I am sure there are other way to deal with such a large file. It all depends on what the file contains.
Doing calculations and visualization in this image is not doable. I'll need to span that off to a different image or do stuff step by step.
Again, this is something that is not difficult to do. Which kind of calculation? You can either use OpenCL or span other images. Again, we have solution for this. For example, feel free to get in touch with Juan Pablo Sandoval, my PhD student. He has worked quite a lot on spanning new images.
I was just wondering what you guys do since you might have this problem on a daily base. I can already tell, that the image become very slow once a visualization gets too big. Does Roassal use double buffering for the moving and scaling of the visualization?
Roassal is indeed becoming slow when you reach around ~ 400 000 elements on screen. This is not really a surprise because there is no optimization. However, all is made to hook strategy for large amount of data.
Do you know if the team in Argentina analyses the network from within Pharo?
Yes, all within Pharo.
Alexandre
Have a great weekend! Sebastian
Hi Sebastian!
I am doing my first steps in learning Moose and also Roassal. Is it possible to start Roassal Easel and Moose Panel from the world menu and add a model afterwards?
Yes
How would one visualize data with the help of Roassal which underlying data is too big for the Pharo image?
Well… it depends. It all depends on the granularity of your visualization.
Is there an example available how one could stream information on a Roassal view?
There is not such a thing so far. Which kind of data do you have?
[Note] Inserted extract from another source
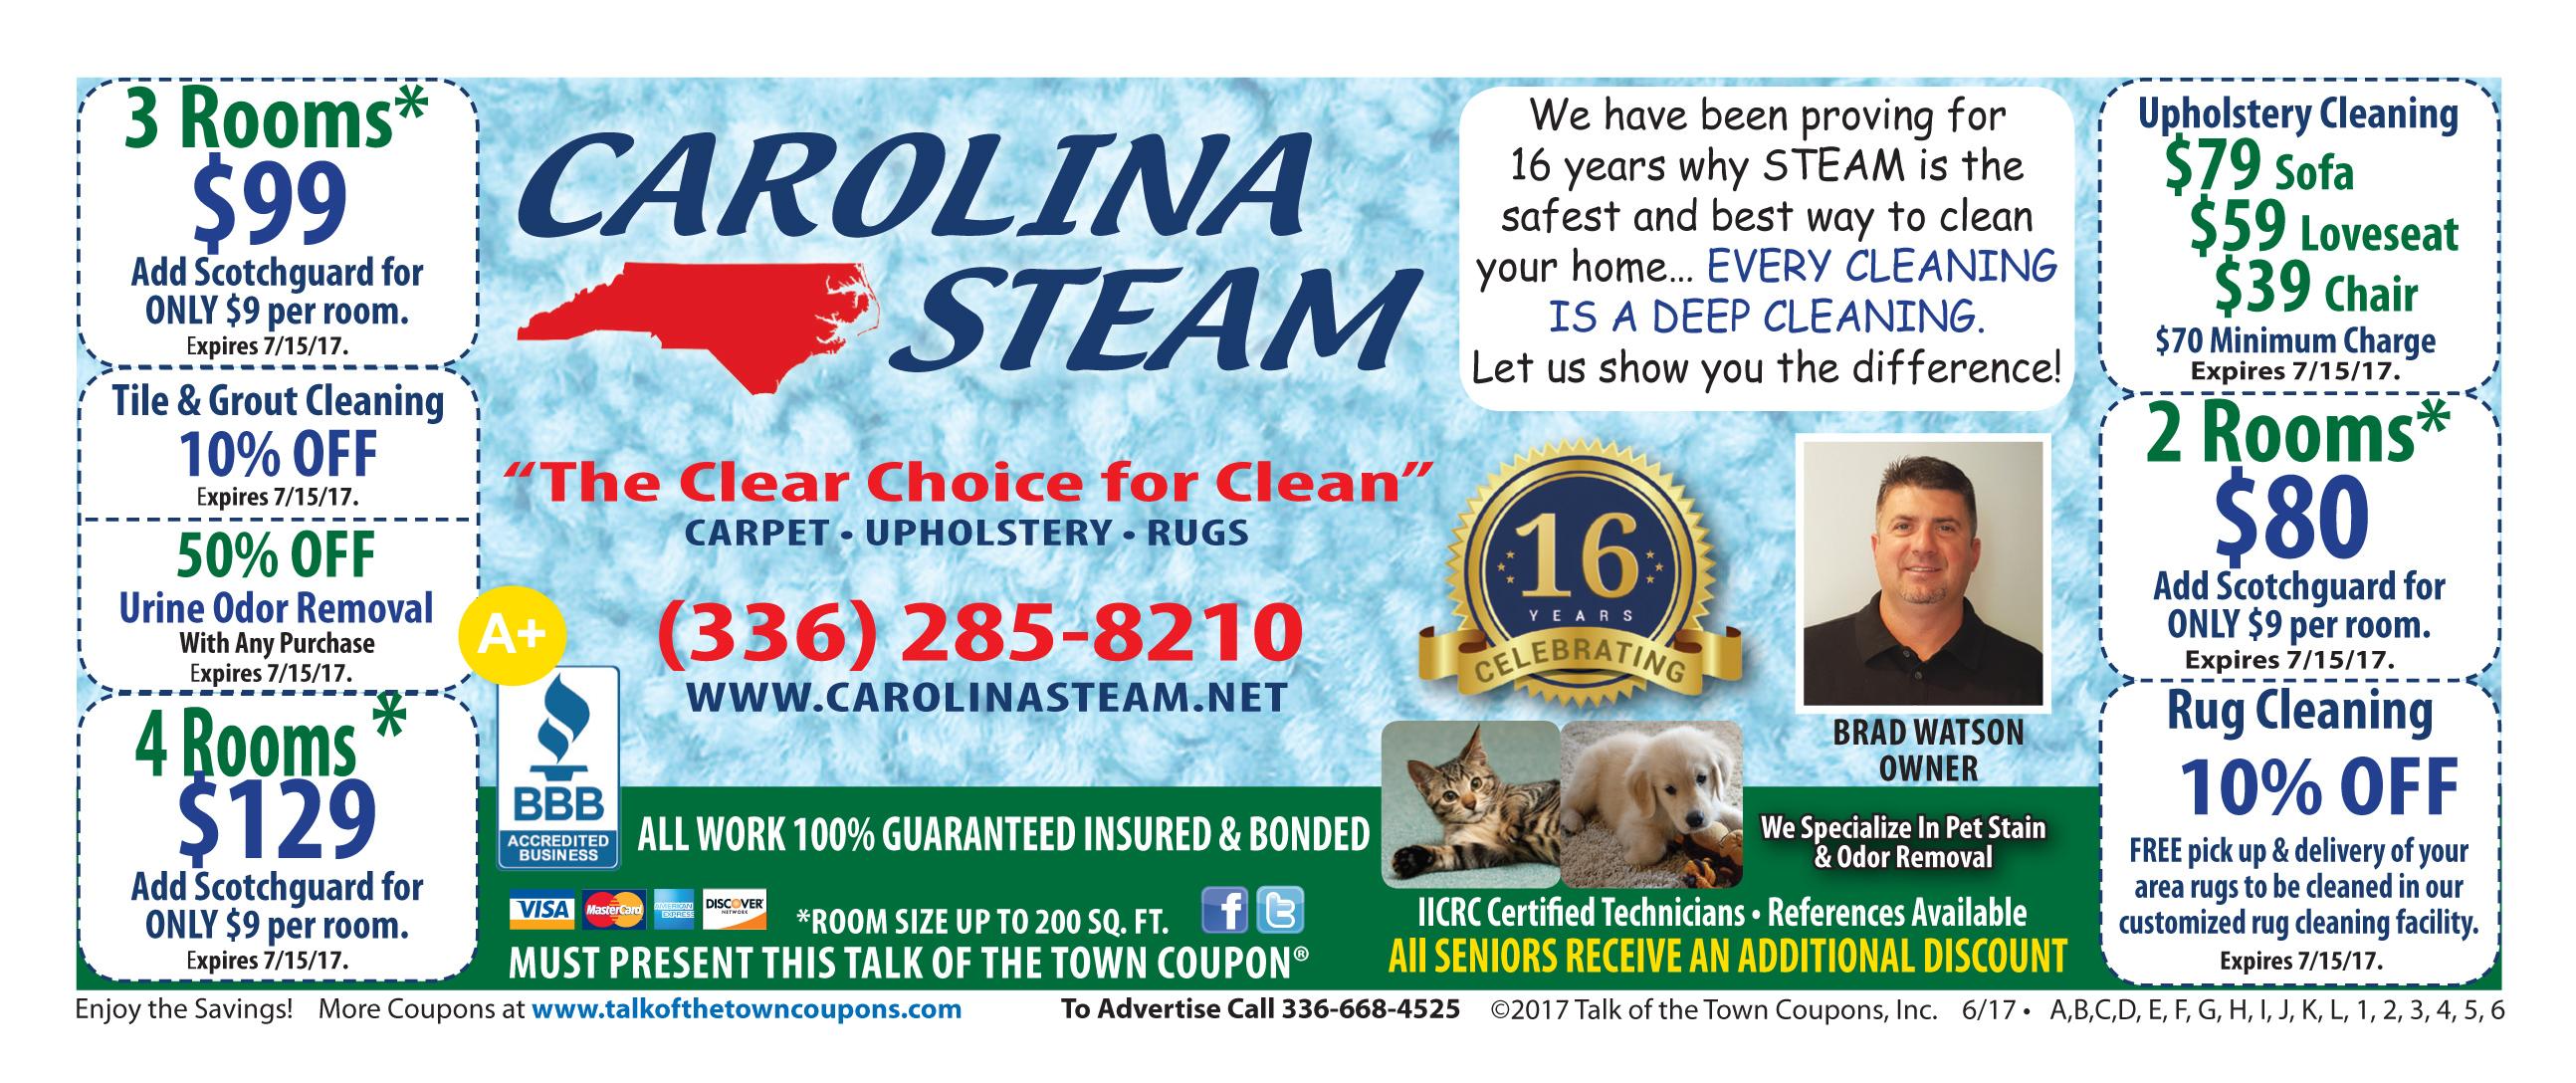 Carolina Steam Booklet Offer Coupon image
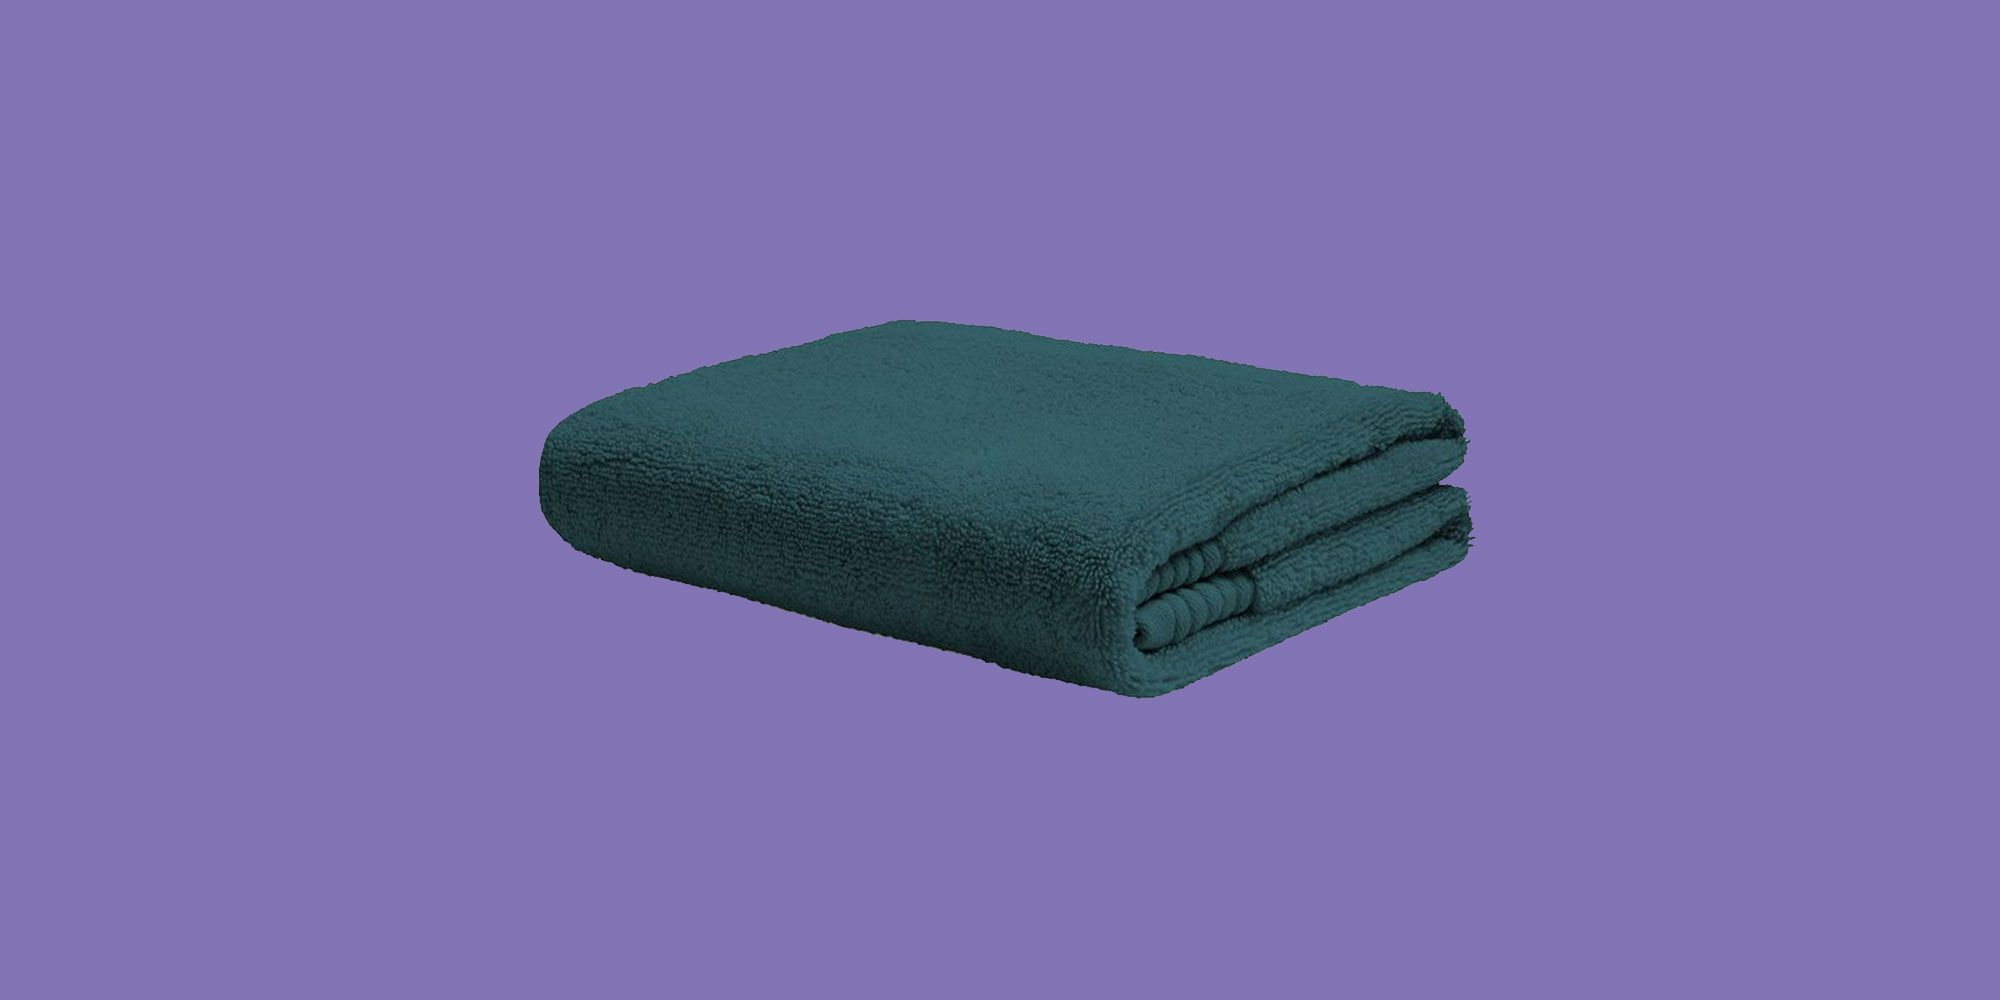 Primark Ultra Soft 100% Cotton Bath Towel

It all depends on the data, their structures. If you are simply interesting in visualizing some metrics, then this is easy. If you are interested in visualizing structure of a large amount of objects, then we need to be careful.
Did somebody already visualize a LAN network? What would be a good framework/project to do such analysis?
People in Argentina are using Roassal to monitor network packets for a TV digital project.